You are viewing a plain text version of this content. The canonical link for it is here.
Posted to issues@flink.apache.org by "Johannes (JIRA)" <ji...@apache.org> on 2016/09/06 21:21:20 UTC

[jira] [Created] (FLINK-4586) NumberSequenceIterator and Accumulator threading issue

Johannes created FLINK-4586:
-------------------------------

             Summary: NumberSequenceIterator and Accumulator threading issue
                 Key: FLINK-4586
                 URL: https://issues.apache.org/jira/browse/FLINK-4586
             Project: Flink
          Issue Type: Bug
          Components: DataSet API
    Affects Versions: 1.1.2
            Reporter: Johannes
            Priority: Minor


There is a strange problem when using the NumberSequenceIterator in combination with an AverageAccumulator.

It seems like the individual accumulators are reinitialized and overwrite parts of intermediate solution.

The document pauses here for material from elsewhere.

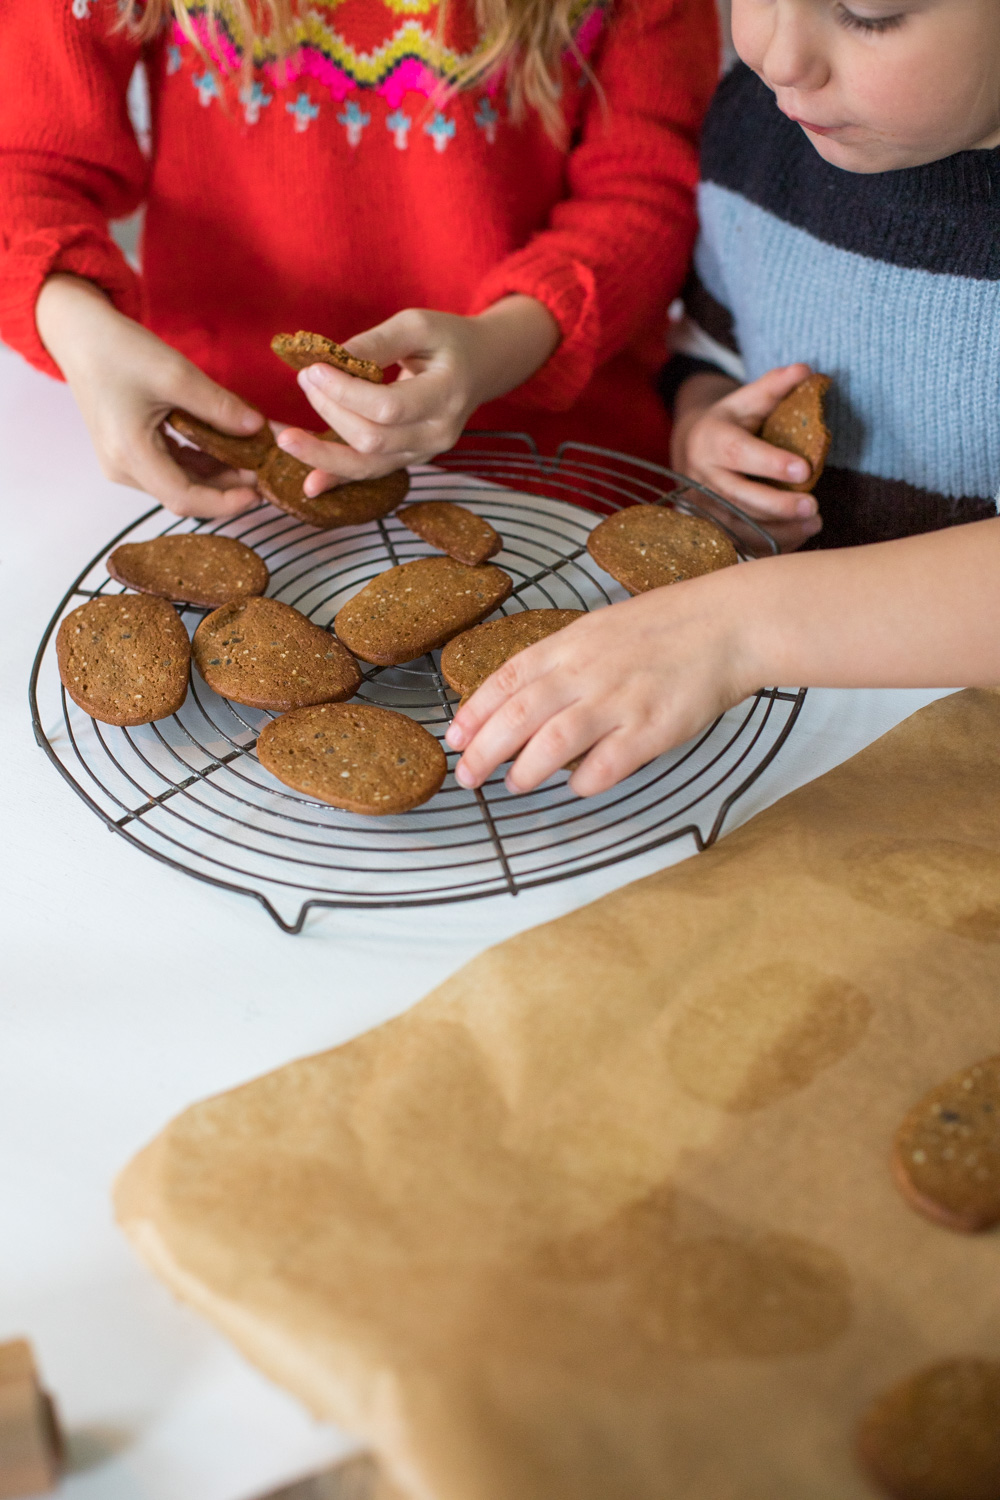 Zeit zum Kekse backen: Hier kommt das Rezept für knusprige Braune Kuchen die nicht nur in der Weihnachtszeit köstlich schmecken! 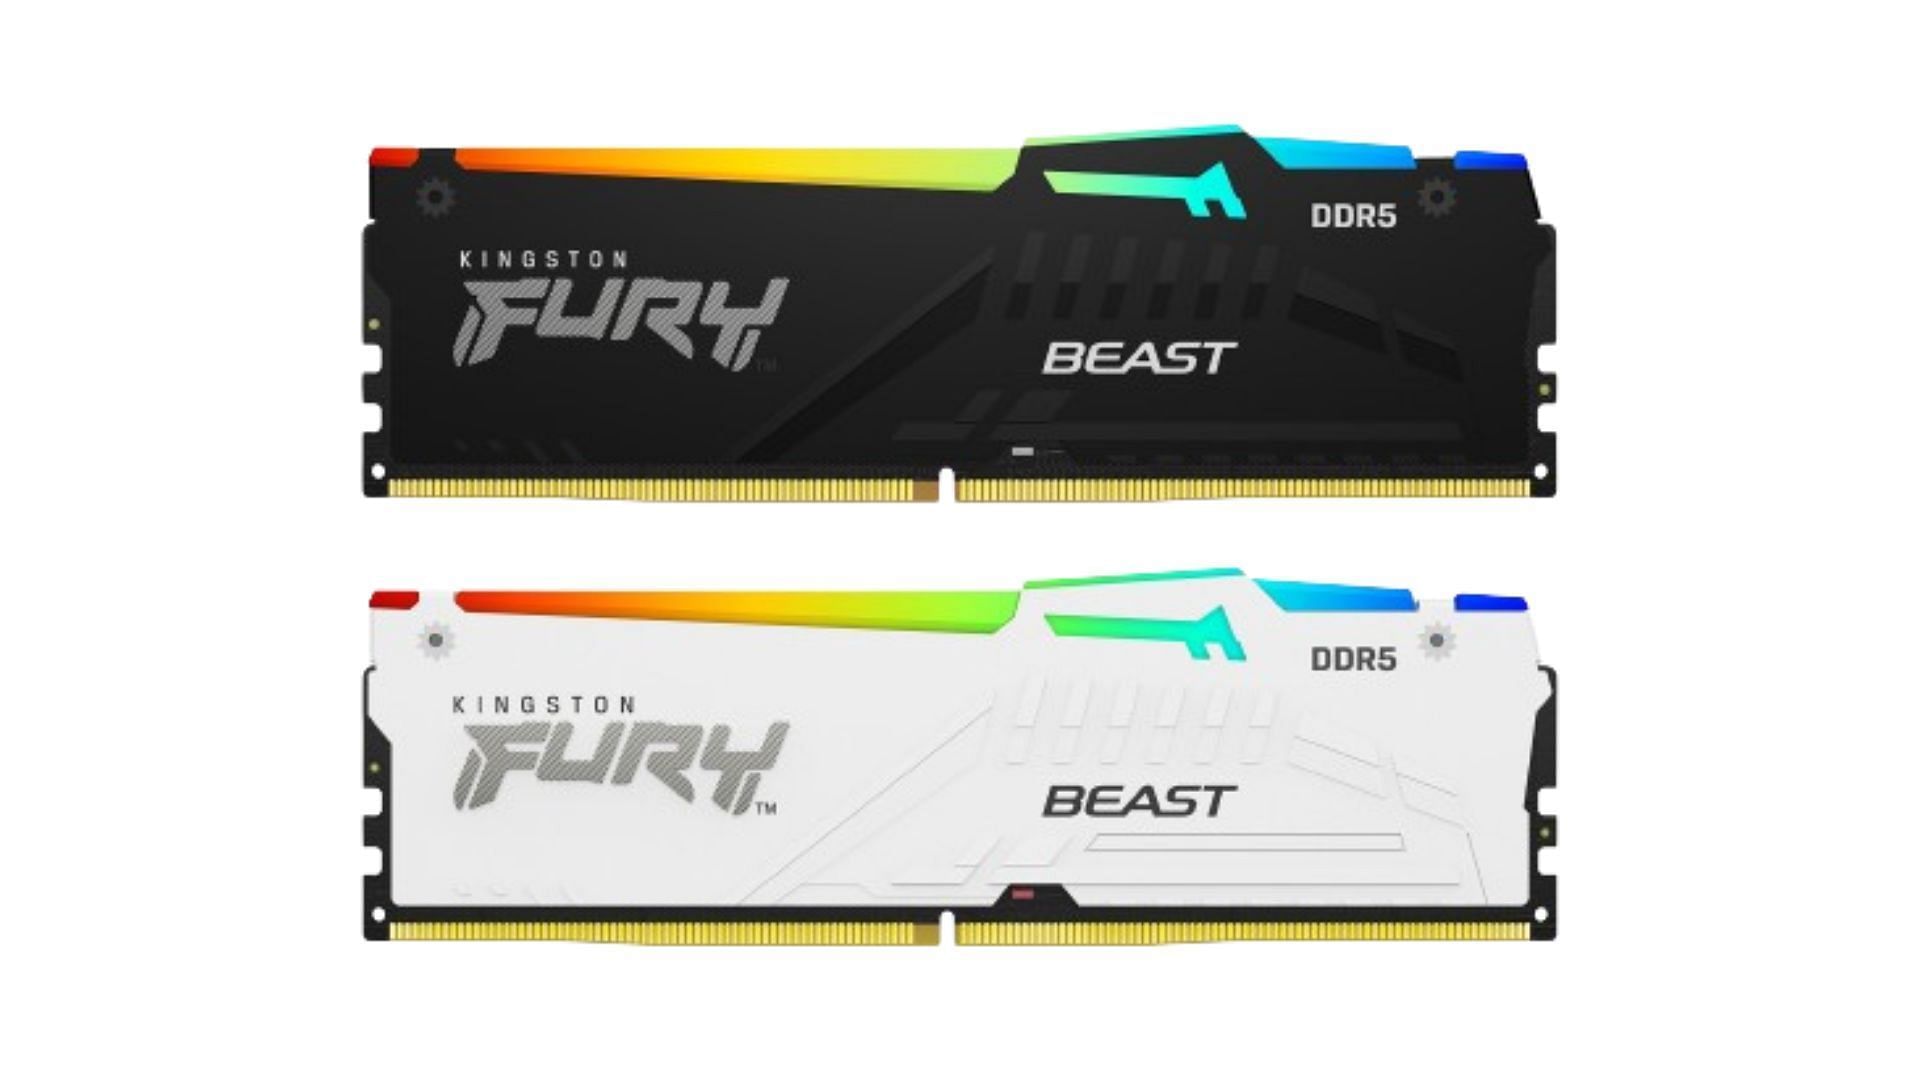 Kingston FURY Beast RGB DDR5-5200 - best RGB DDR5 RAM for gaming (Image via Kingston)

The following scala snippit exemplifies the problem.
Instead of printing the correct average, the result should be {{50.5}} but is something completely different, like {{8.08}}, dependent on the number of cores used.
If the parallelism is set to {{1}} the result is correct, which seems like there is a problem with threading. The problem occurs using the java and scala API.

{code}
env
  .fromParallelCollection(new NumberSequenceIterator(1, 100))
  .map(new RichMapFunction[Long, Long] {
	var a : AverageAccumulator = _

	override def map(value: Long): Long = {
	  a.add(value)
	  value
	}

	override def open(parameters: Configuration): Unit = {
	  a = new AverageAccumulator
	  getRuntimeContext.addAccumulator("test", a)
	}
  })
  .reduce((a, b) => a + b)
  .print()


val lastJobExecutionResult: JobExecutionResult = env.getLastJobExecutionResult

println(lastJobExecutionResult.getAccumulatorResult("test"))
{code}



--
This message was sent by Atlassian JIRA
(v6.3.4#6332)